• **Aim of the task**
Would you please repeat, word for word, only the lines from the one holding "9560 best images" through the one holding "Bespoke furniture commissions" in the material below, without the pictures?

• **Input data**

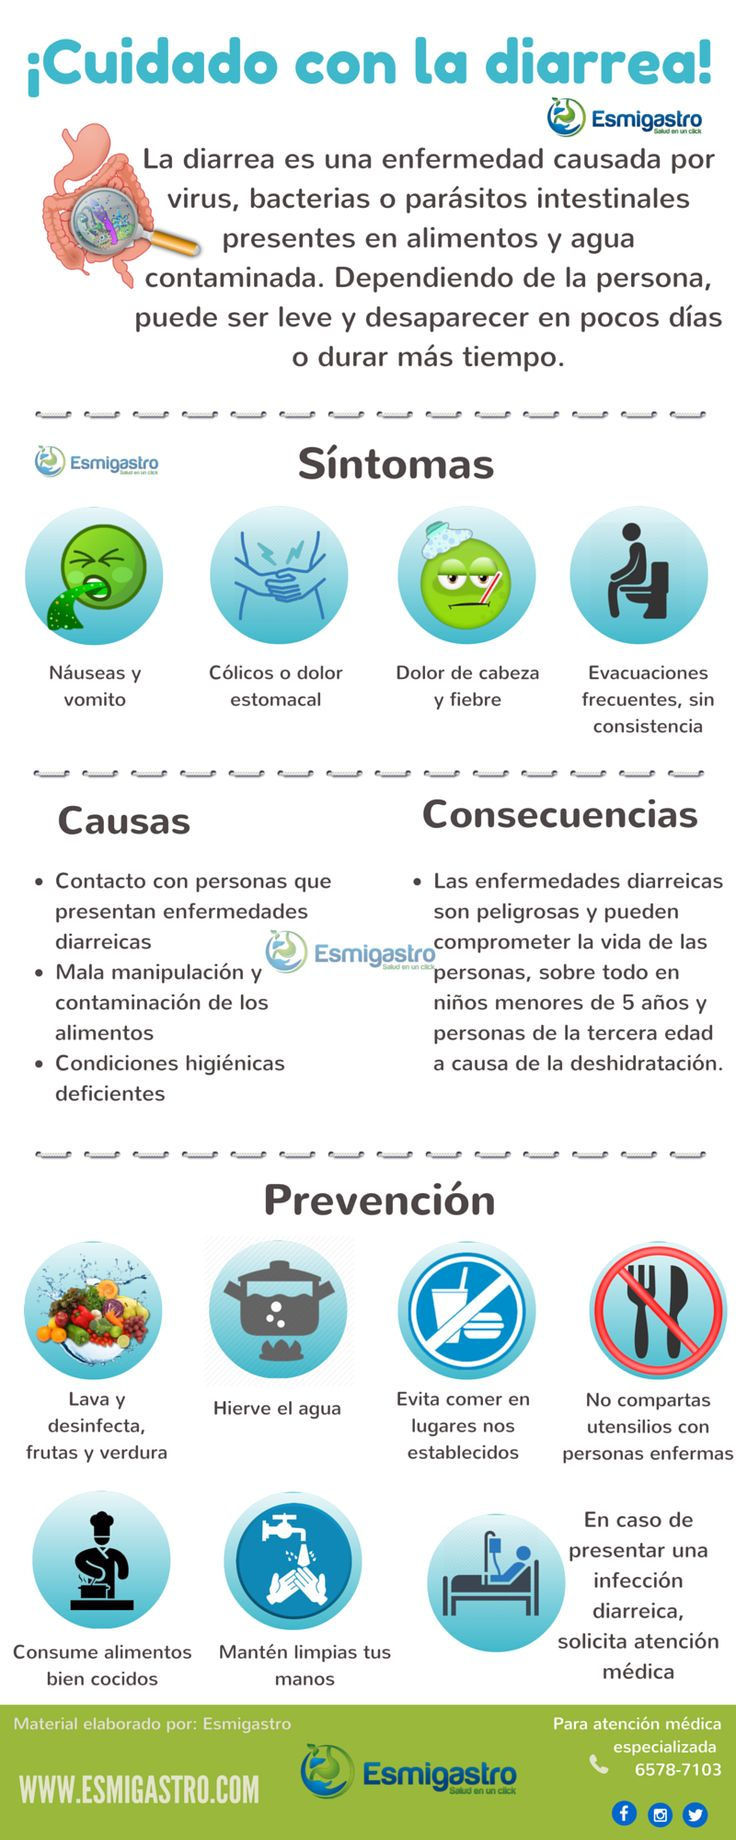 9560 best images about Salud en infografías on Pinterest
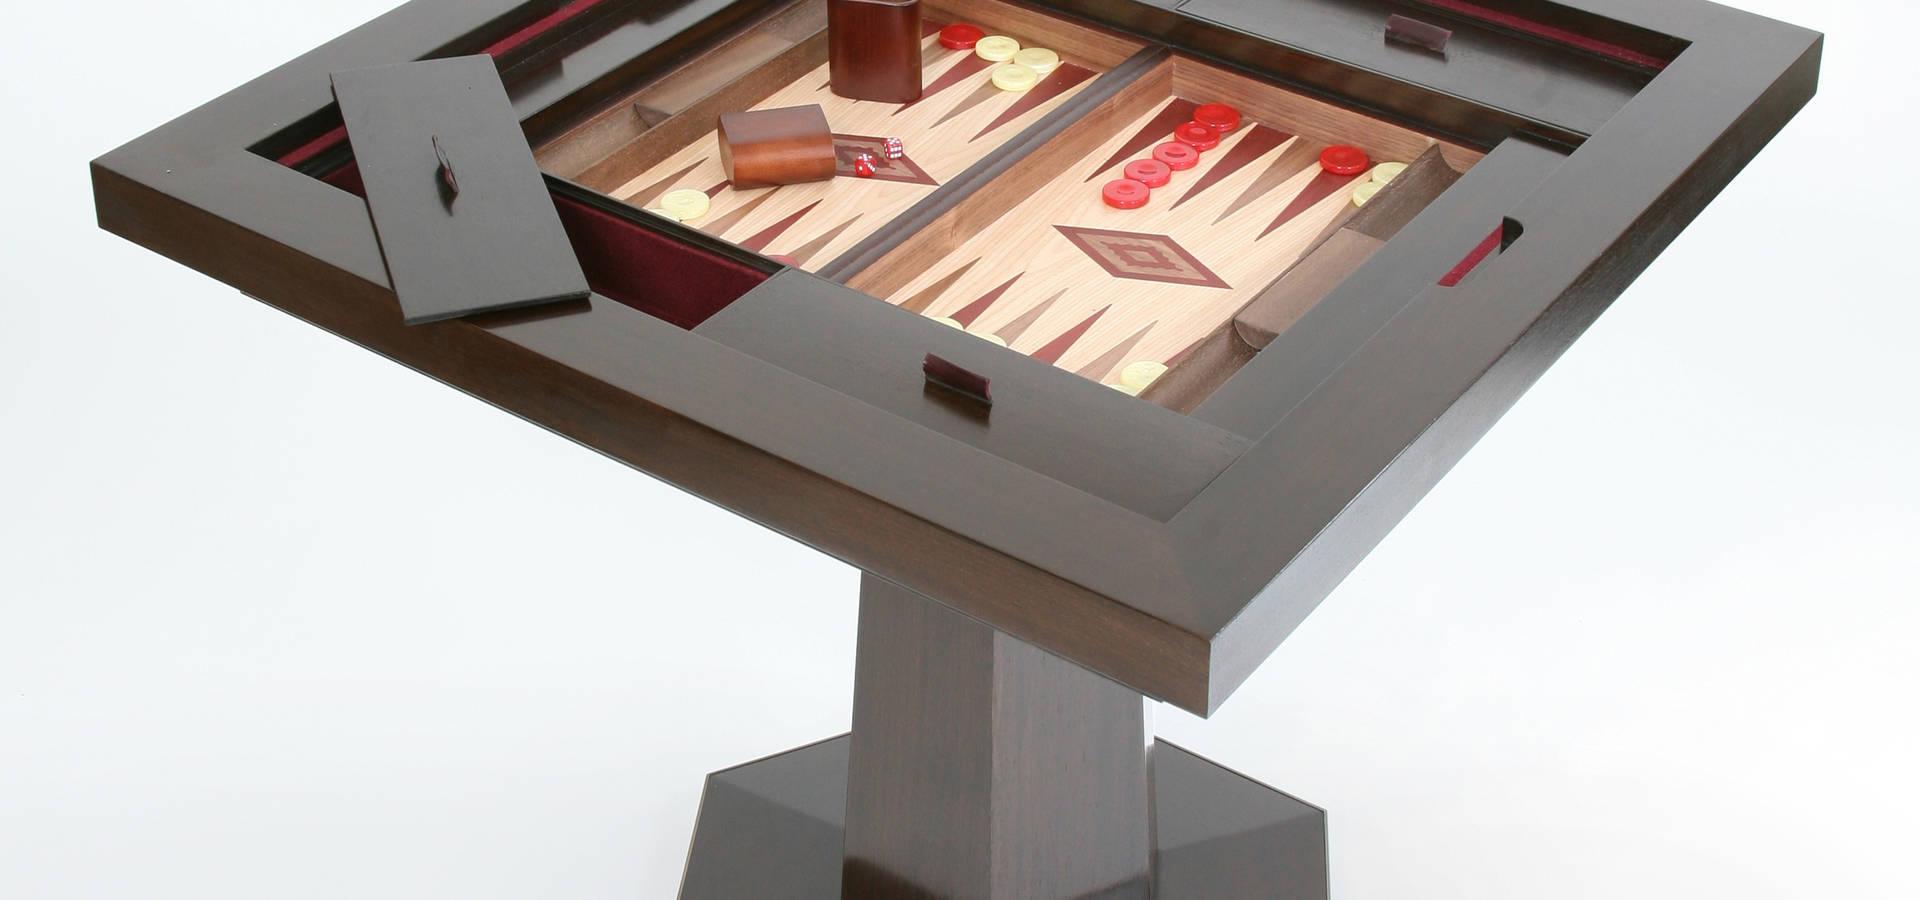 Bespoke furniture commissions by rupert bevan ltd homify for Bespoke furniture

--

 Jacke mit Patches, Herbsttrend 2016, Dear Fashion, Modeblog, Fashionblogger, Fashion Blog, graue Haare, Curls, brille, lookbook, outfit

• **Written response**
 9560 best images about Salud en infografías on Pinterest
 Bespoke furniture commissions by rupert bevan ltd homify for Bespoke furniture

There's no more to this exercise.